Task goal — Go to the line with "Black leather uniform" in the material below and copy from there through the line with "А. С. Попов - русский физик и электрик", exactly. Pictures are not copied.

Input data —
*****
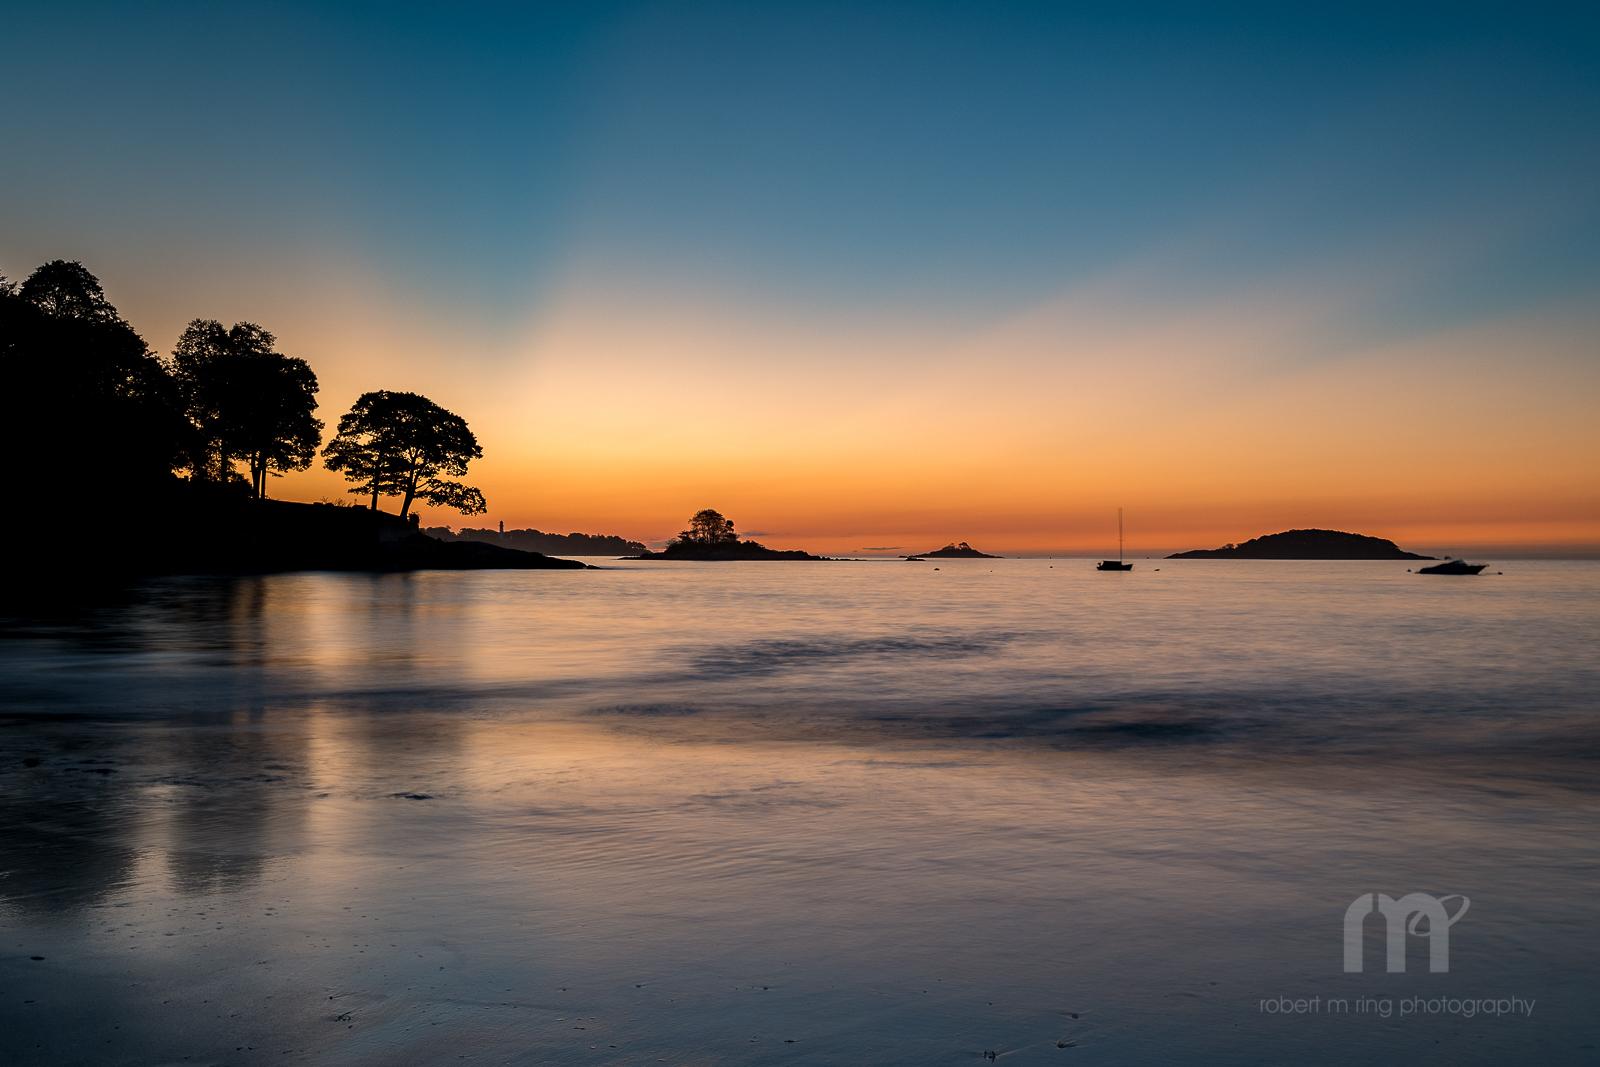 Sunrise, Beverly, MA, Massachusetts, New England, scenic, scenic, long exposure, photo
*****
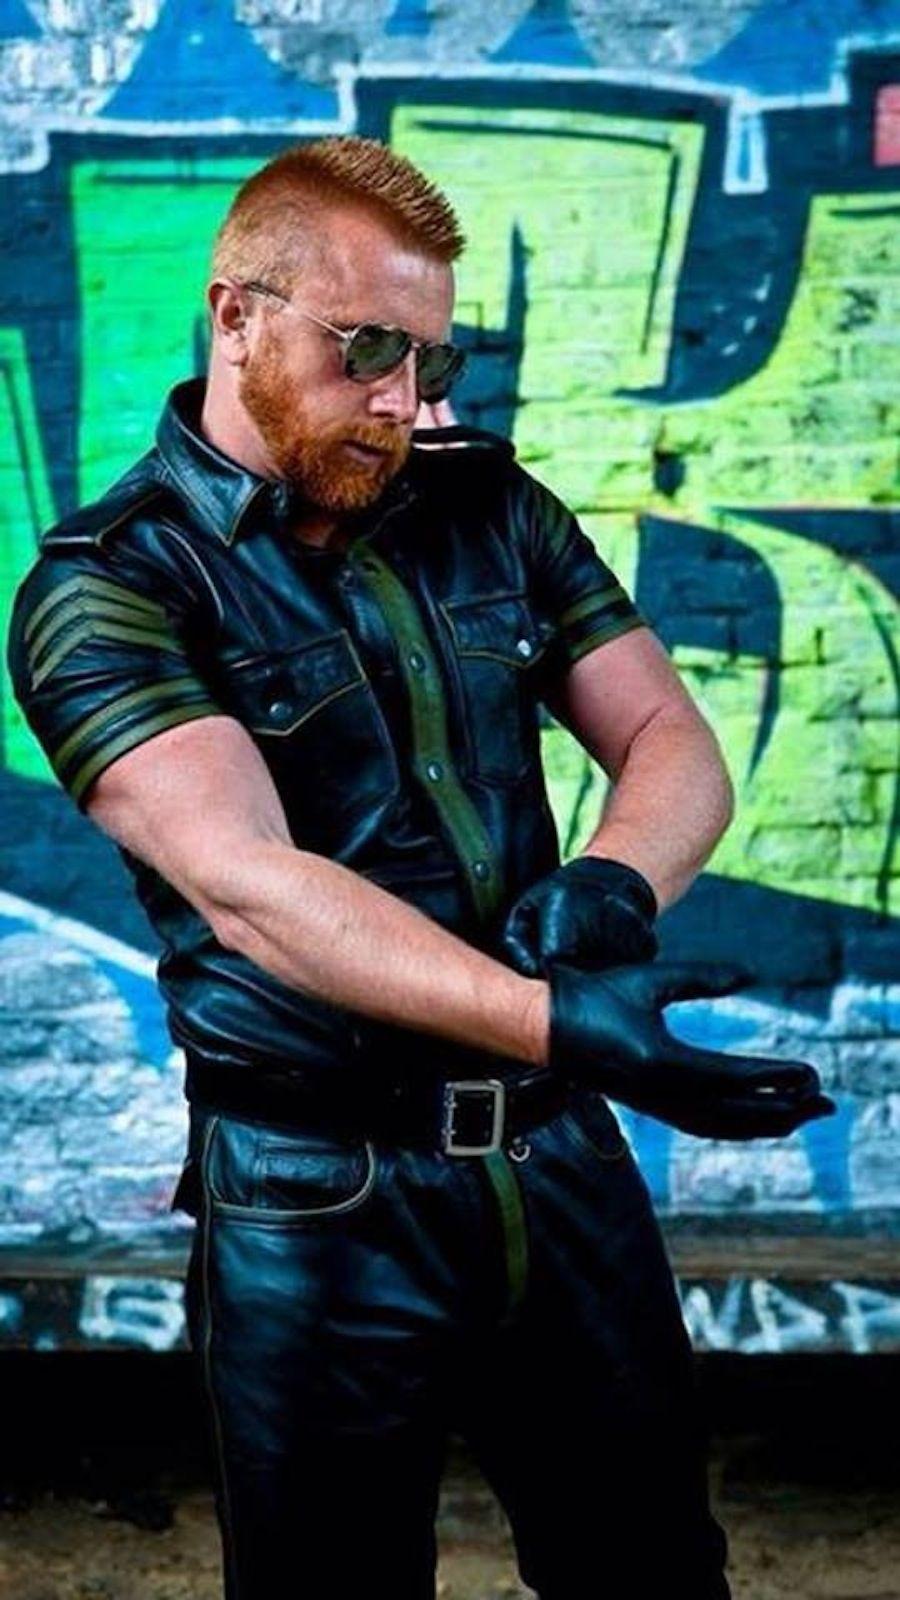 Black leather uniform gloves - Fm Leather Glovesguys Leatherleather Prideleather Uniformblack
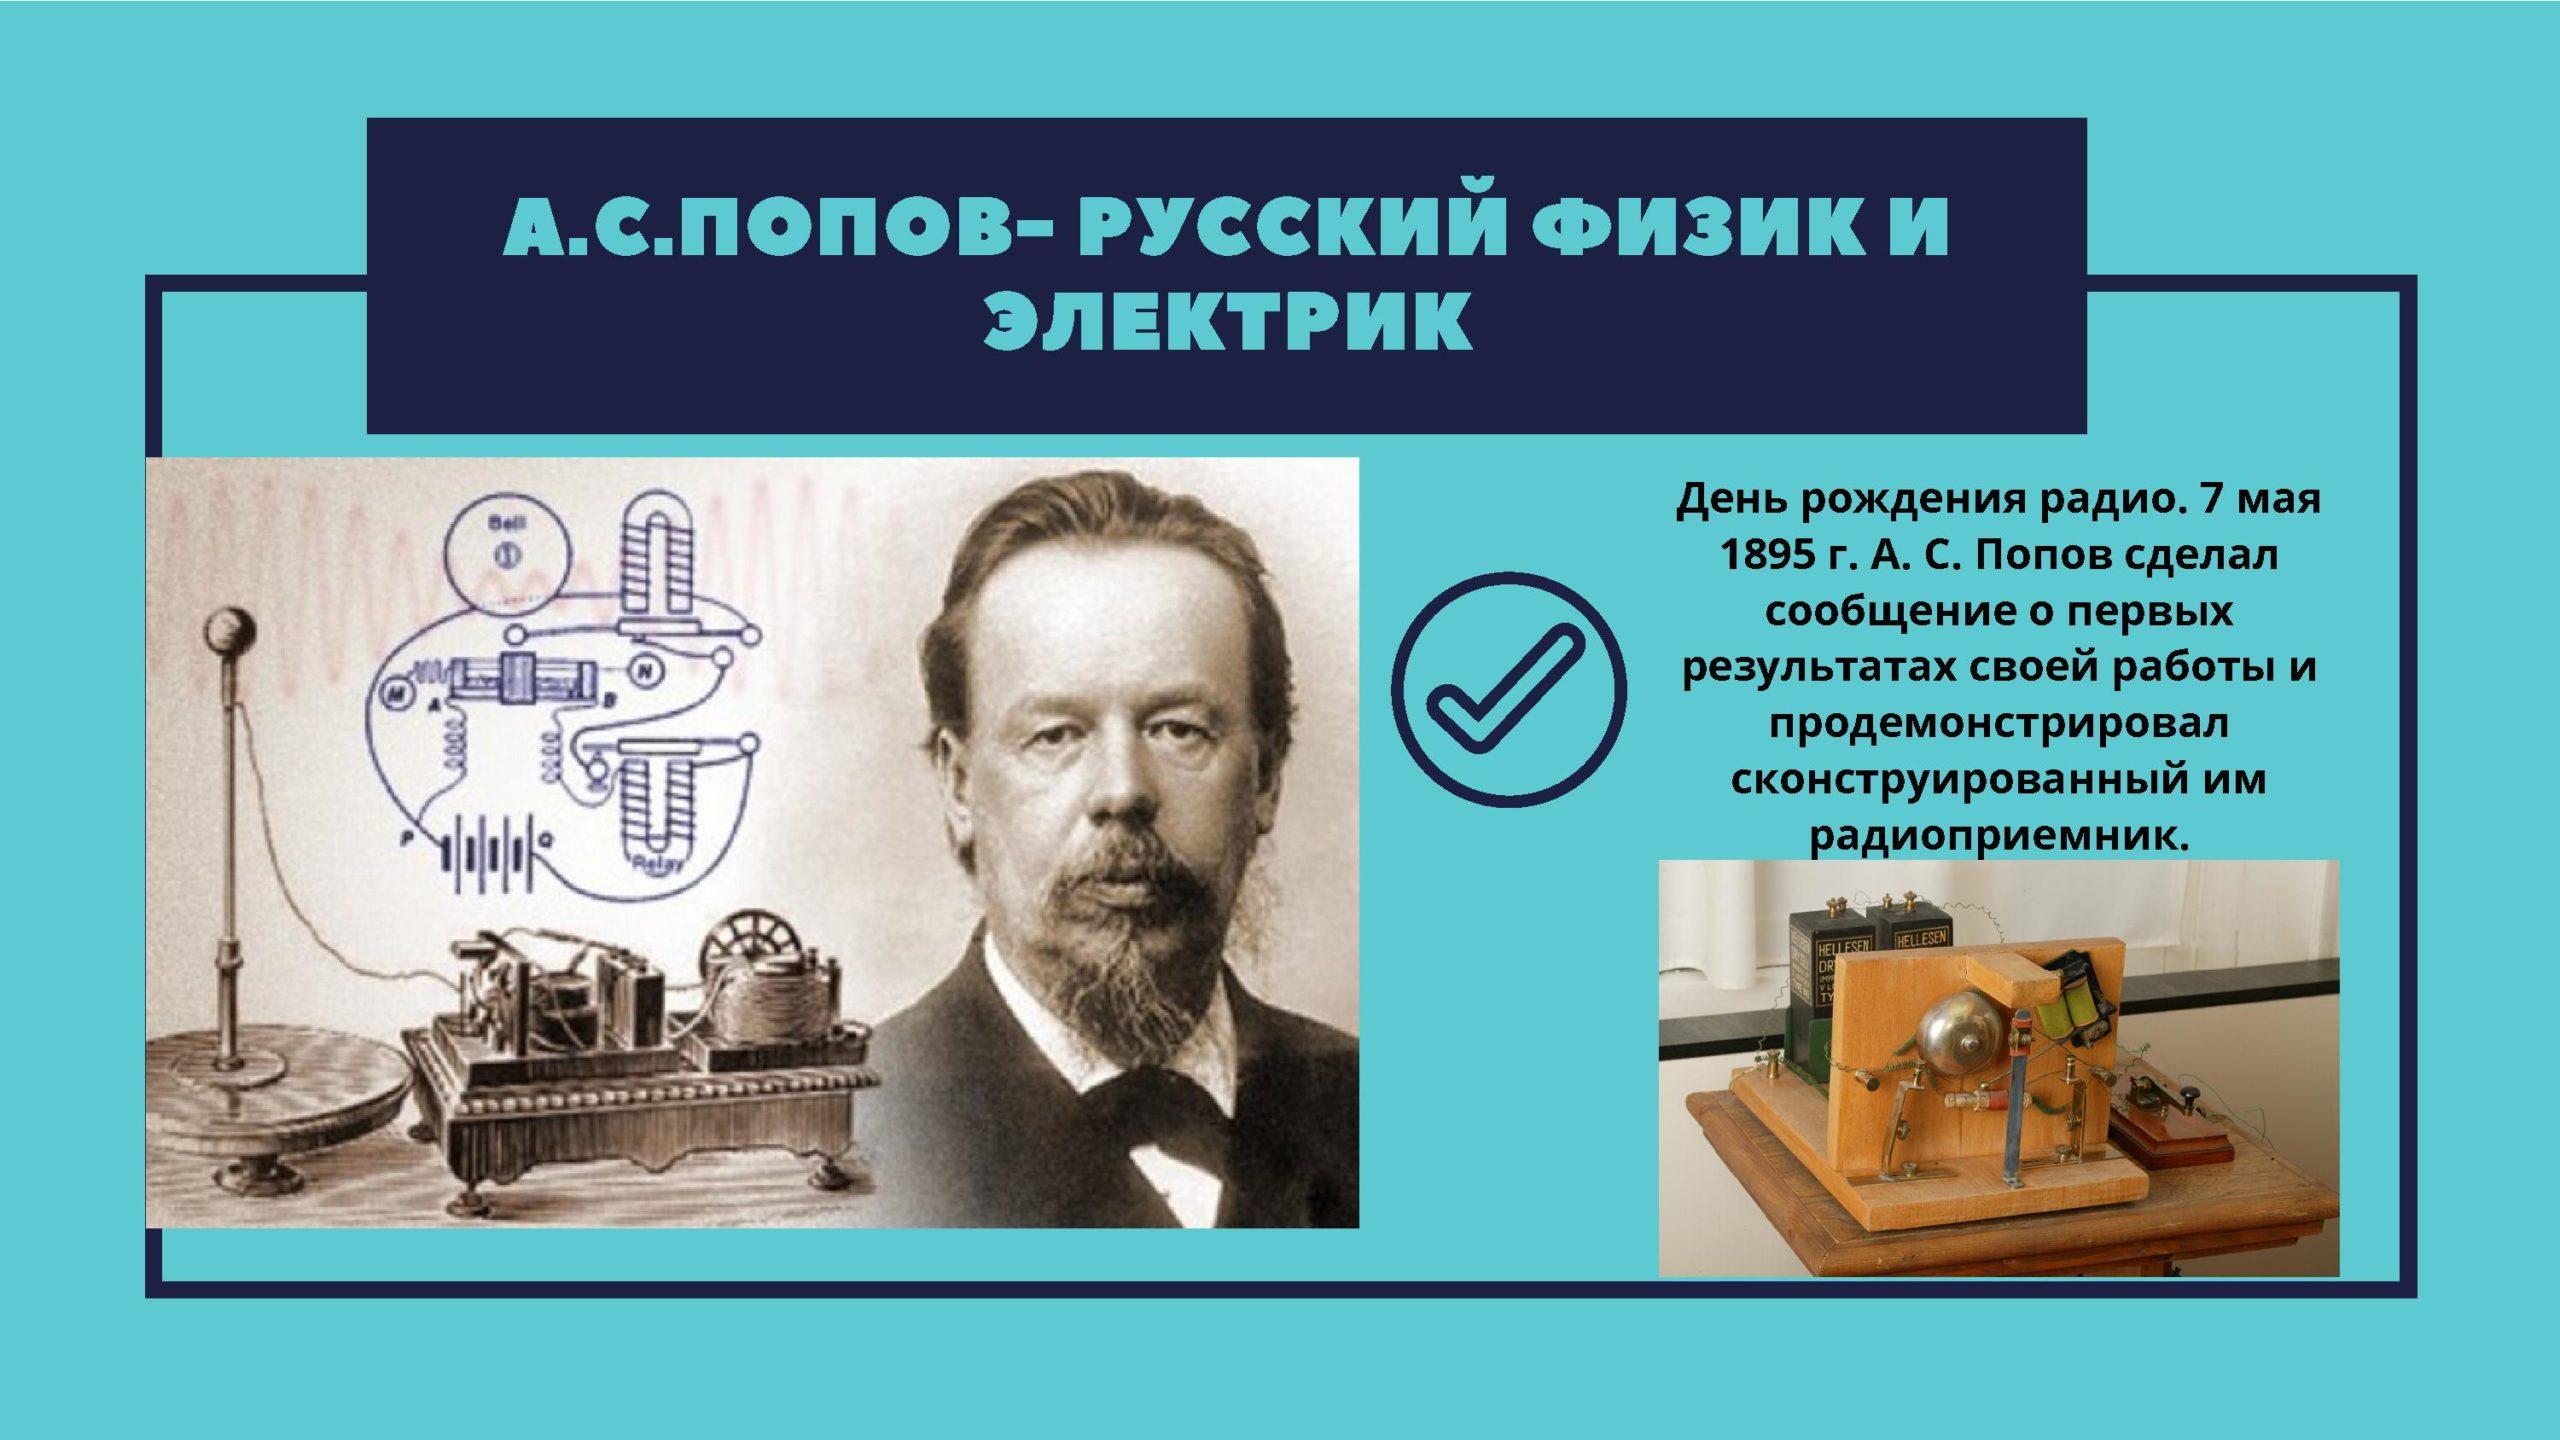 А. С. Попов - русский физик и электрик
*****
Result of this task —
 Black leather uniform gloves - Fm Leather Glovesguys Leatherleather Prideleather Uniformblack
 А. С. Попов - русский физик и электрик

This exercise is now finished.